I’ll leave it at that, with the assumption that I shouldn’t bore you with additional details on what the algorithm was designed to do. Let’s move now to the confusion.
Where’s the confusion?
Until Penguin 4.0 rolled out on September 23, 2016, there really wasn’t a lot of confusion around the algorithm. The entire SEO community — and even many outside it — knew that the Penguin update demoted sites with bad links, and it wasn’t until it was next updated that an affected site could expect some semblance of recovery.
The path was clear: a site would get hit with a penalty, the website owner would send out requests to have offending links removed, those that couldn’t be removed would be added to a disavow list and submitted, and then one would simply wait.
However, things got more complicated with this most recent update — not because the algorithm itself got any more difficult to understand, but rather because the folks at Google did.
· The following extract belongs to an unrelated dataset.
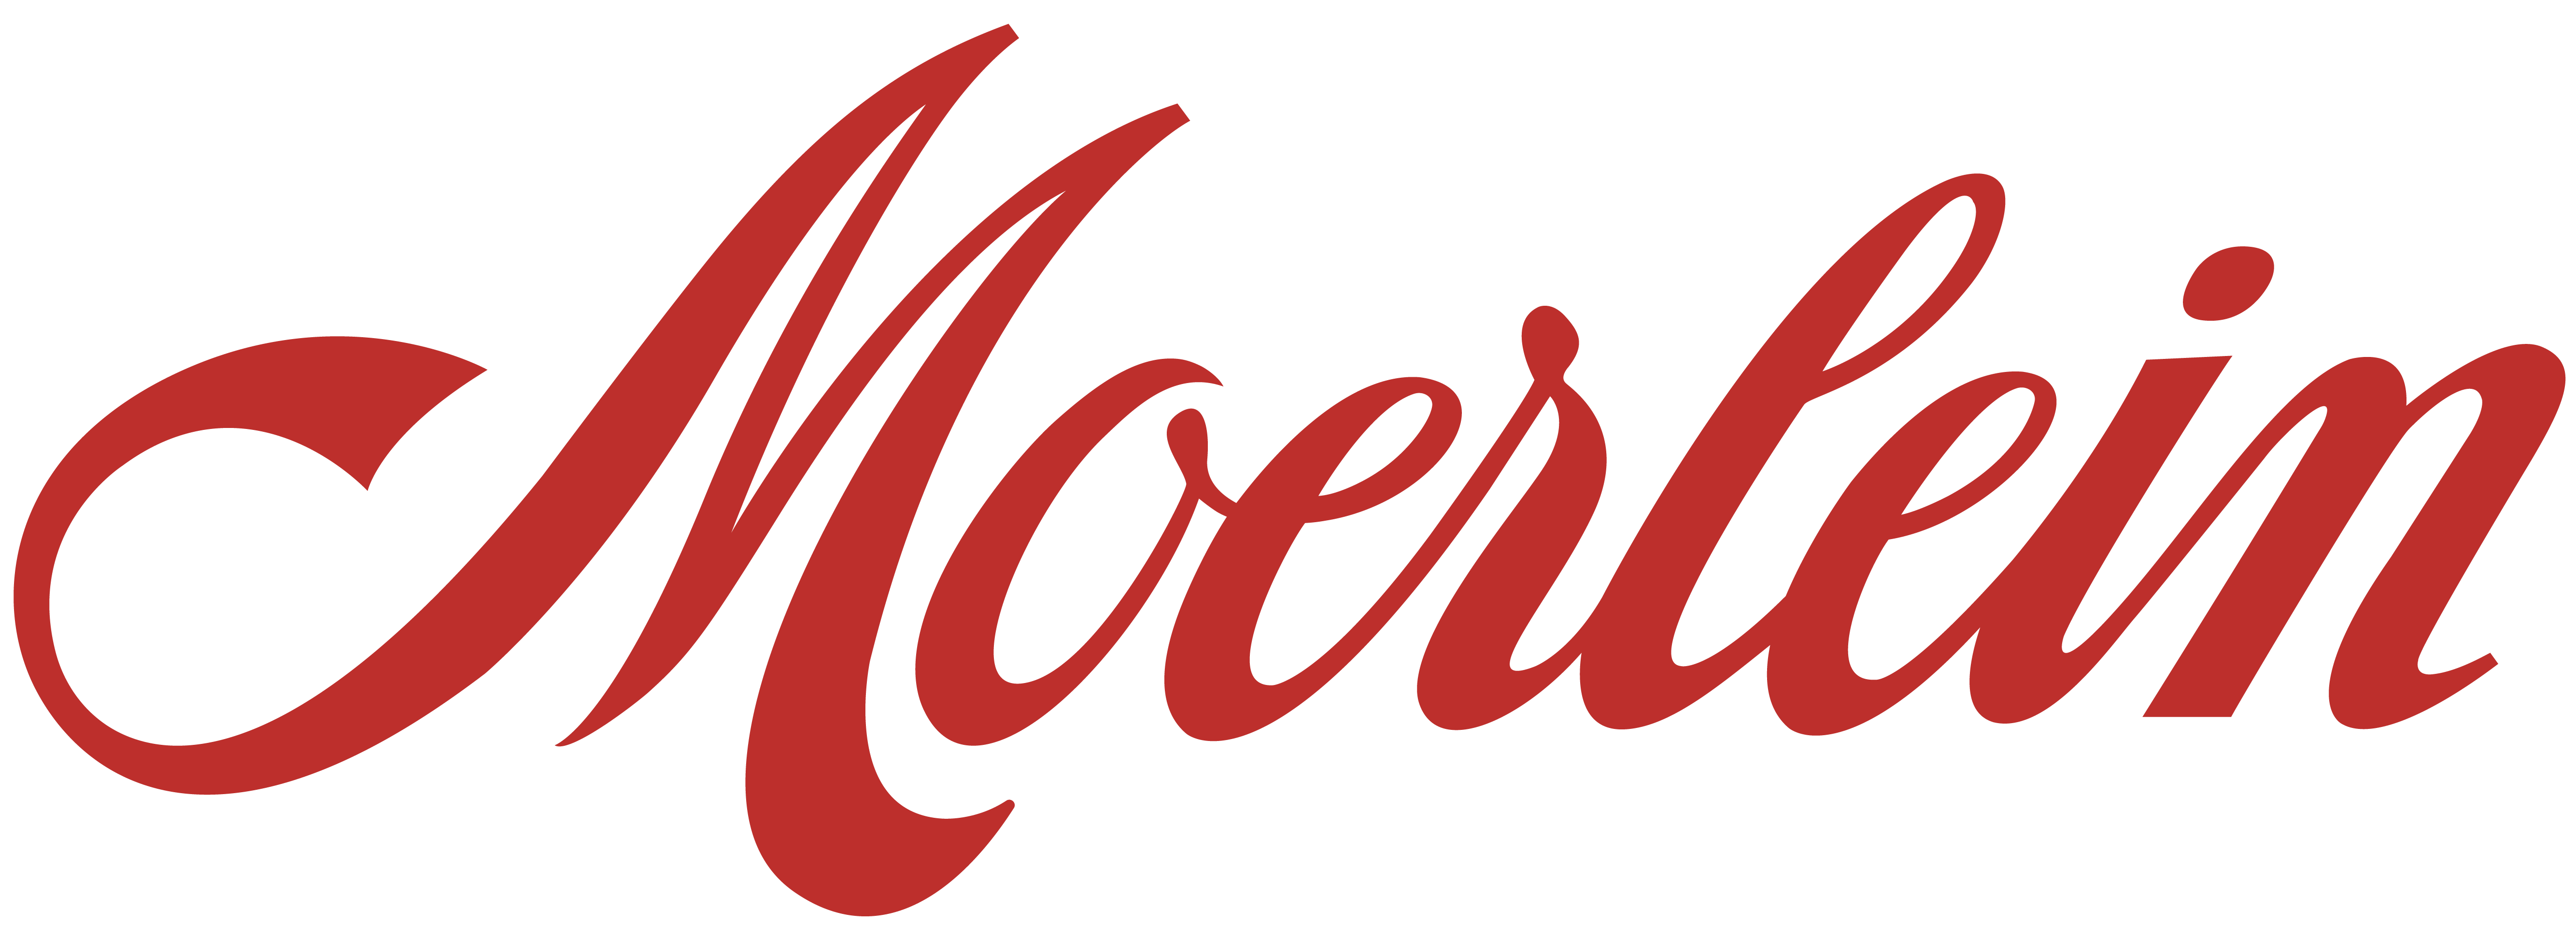 Christian Moerlein Brewing Company Script Logo

In essence, there were only a couple of major changes with this update:
- Penguin now runs in real time. Webmasters impacted by Penguin will no longer have to wait for the next update to see the results of their improvement efforts — now, changes will be evident much more quickly, generally not long after a page is recrawled and reindexed.
- Penguin 4.0 is “more granular,” meaning that it can now impact individual pages or sections of a site in addition to entire domains; previously, it would act as a site-wide penalty, impacting rankings for an entire site.
It would seem that there isn’t a lot of room for confusion here on first glance. However, when the folks at Google started adding details and giving advice, that ended up causing a bit of confusion. So let’s look at those to get a better understanding of what we’re expected to do.
Rumor had it, based on statements by Google’s Gary Illyes, that a disavow file is no longer necessary to deal with Penguin-related ranking issues.
This is due to a change in how Penguin 4.0 deals with bad links: they now devalue the links themselves rather than demoting the site they’re linking to.
Now, that seems pretty clear. If you read Illyes’ statements in the article linked above, there are a few takeaways:
- Spam is devalued, rather than sites being demoted.
- There’s less need to use a disavow file for Penguin-related ranking penalties.
- Using the disavow file for Penguin-related issues can help Google help you, but it is more specifically useful for sites under manual review.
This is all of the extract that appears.